Your goal —
Give the listing again exactly, skipping any pictures it holds.

Supplied information —
▶

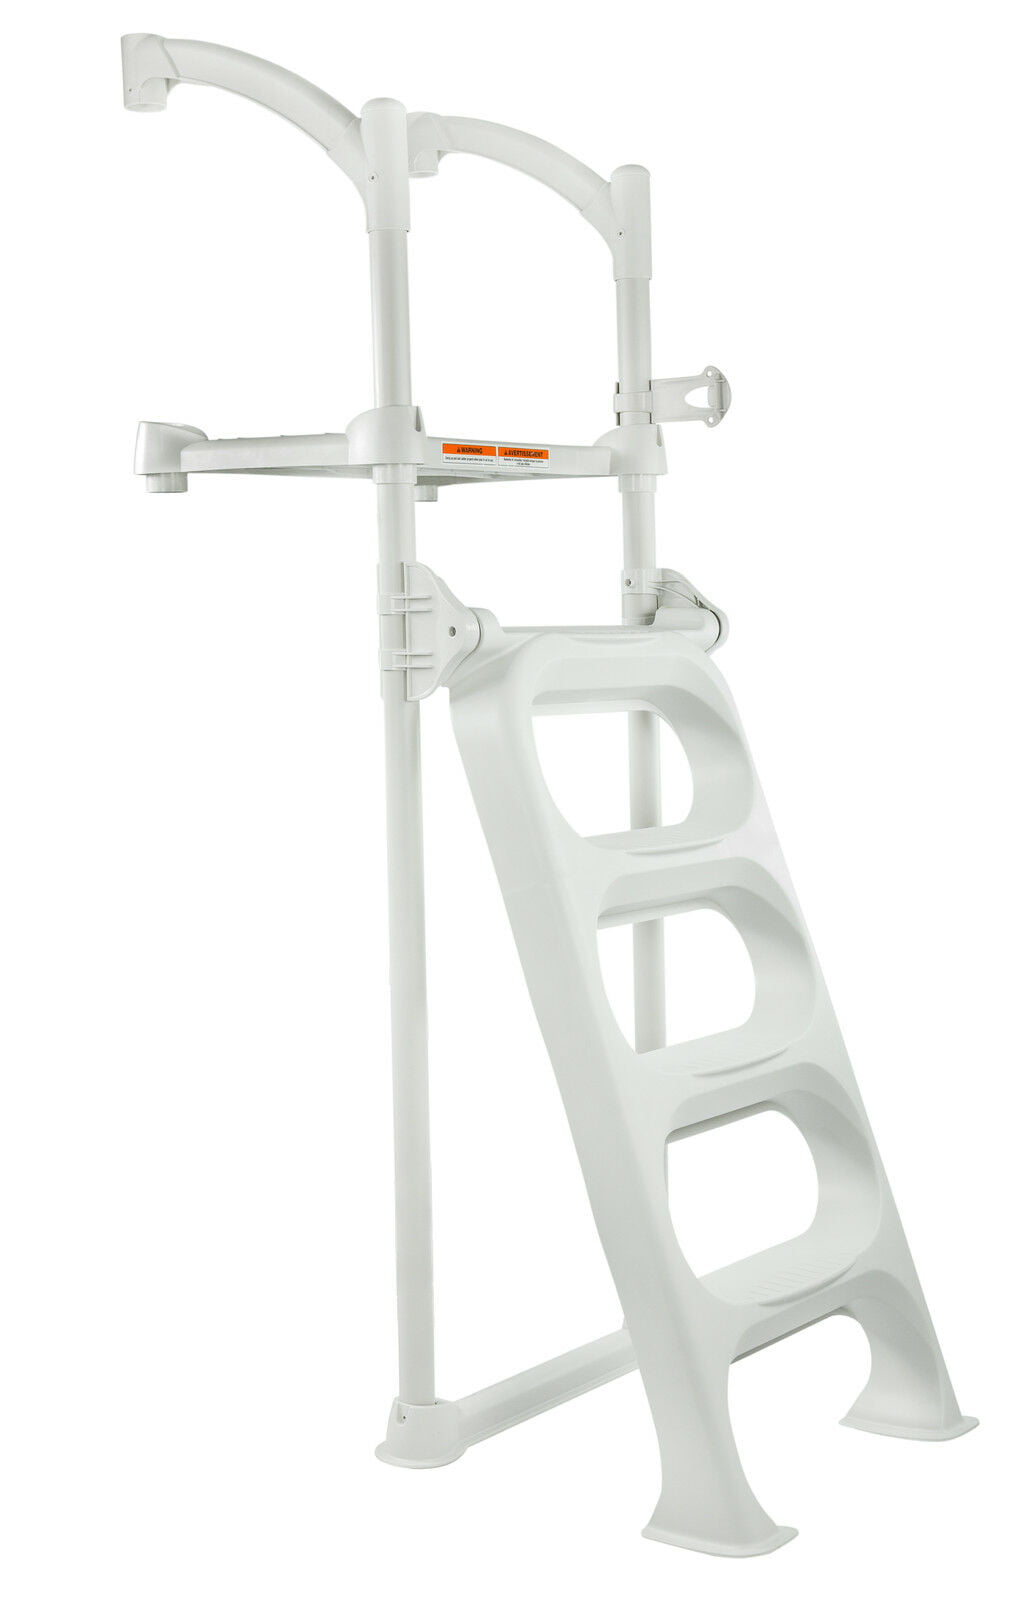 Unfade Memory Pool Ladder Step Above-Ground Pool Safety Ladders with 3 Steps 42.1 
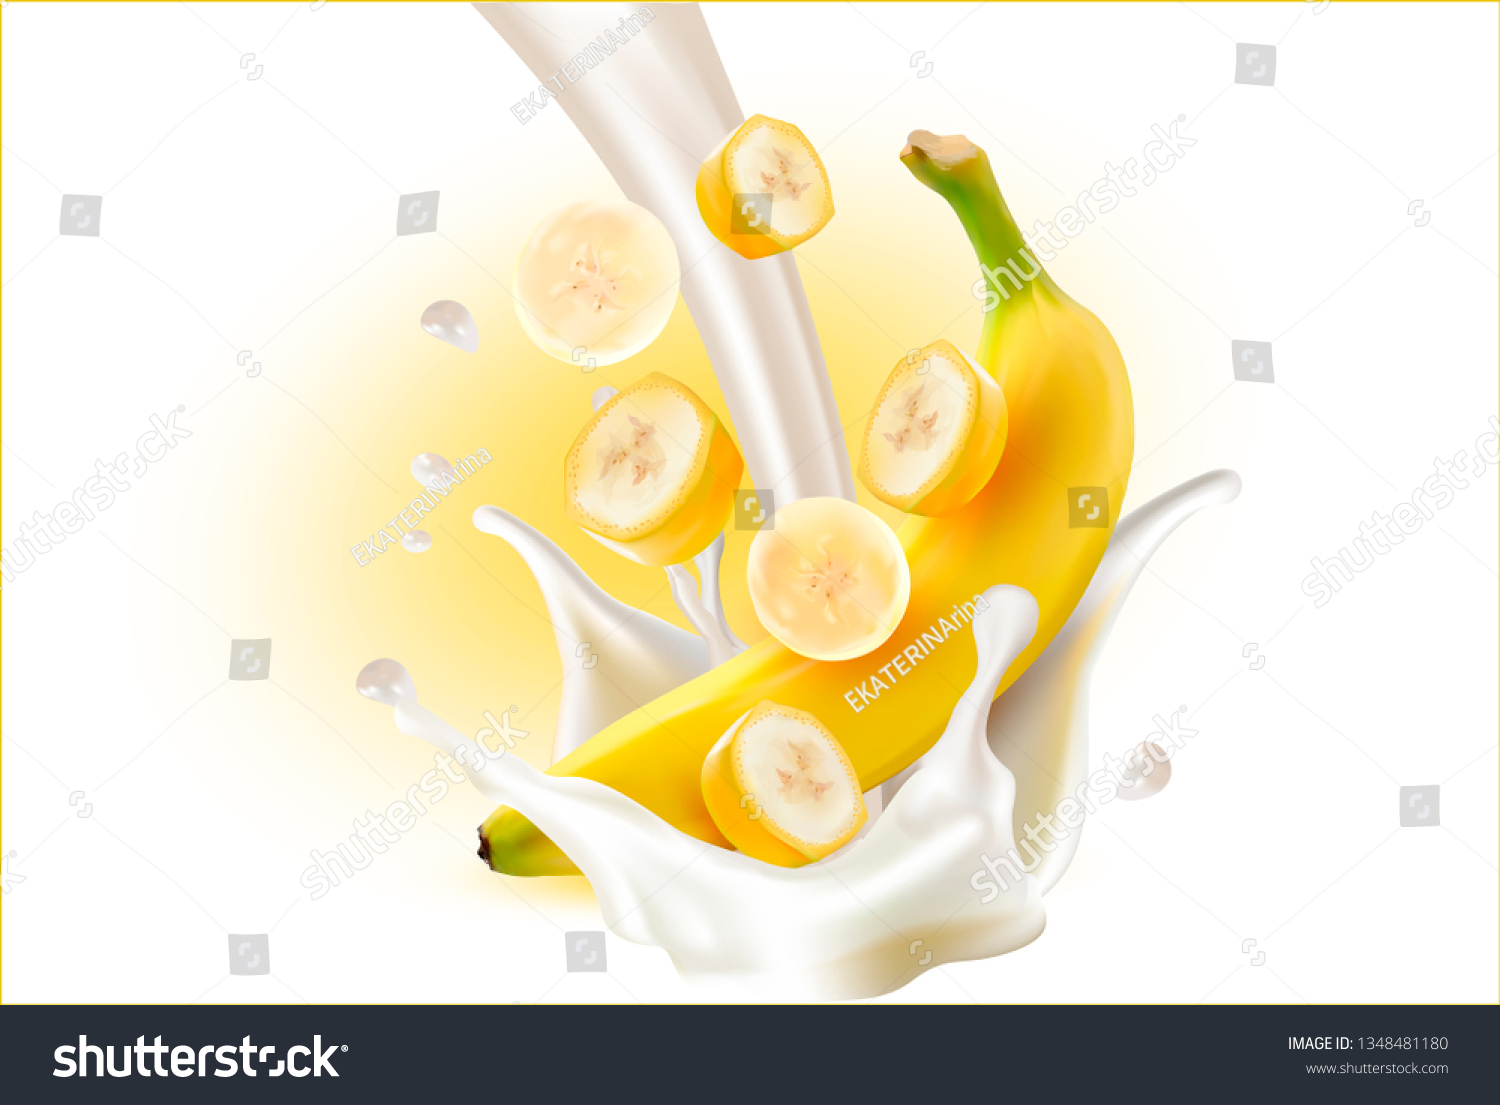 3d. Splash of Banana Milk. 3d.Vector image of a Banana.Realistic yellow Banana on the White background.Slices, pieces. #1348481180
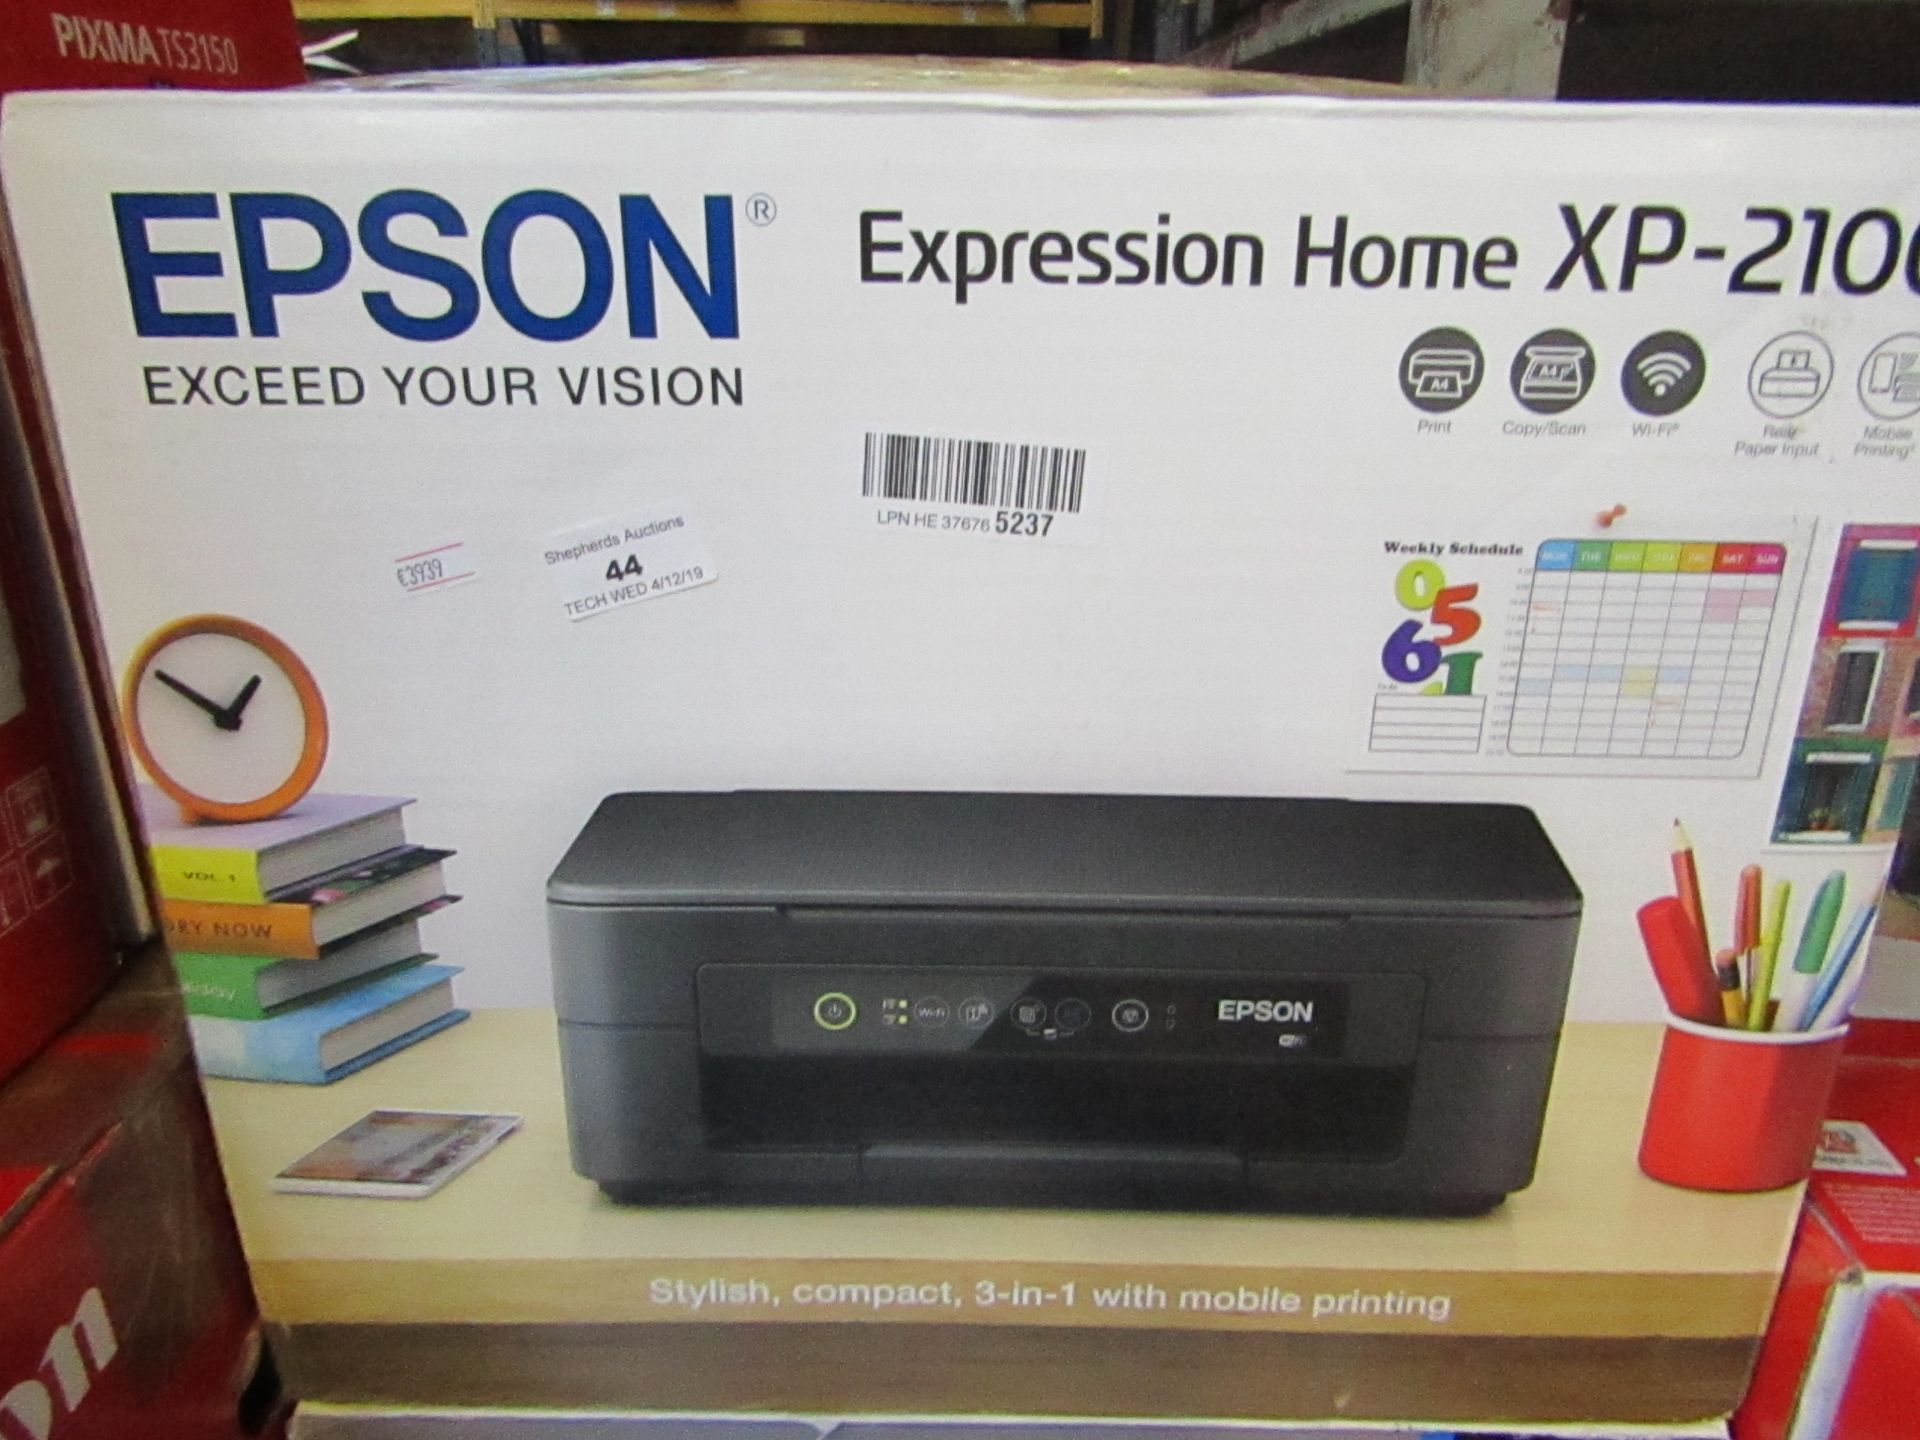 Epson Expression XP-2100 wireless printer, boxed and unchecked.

◀

Result below —
 Unfade Memory Pool Ladder Step Above-Ground Pool Safety Ladders with 3 Steps 42.1 
 3d. Splash of Banana Milk. 3d.Vector image of a Banana.Realistic yellow Banana on the White background.Slices, pieces. #1348481180
 Epson Expression XP-2100 wireless printer, boxed and unchecked.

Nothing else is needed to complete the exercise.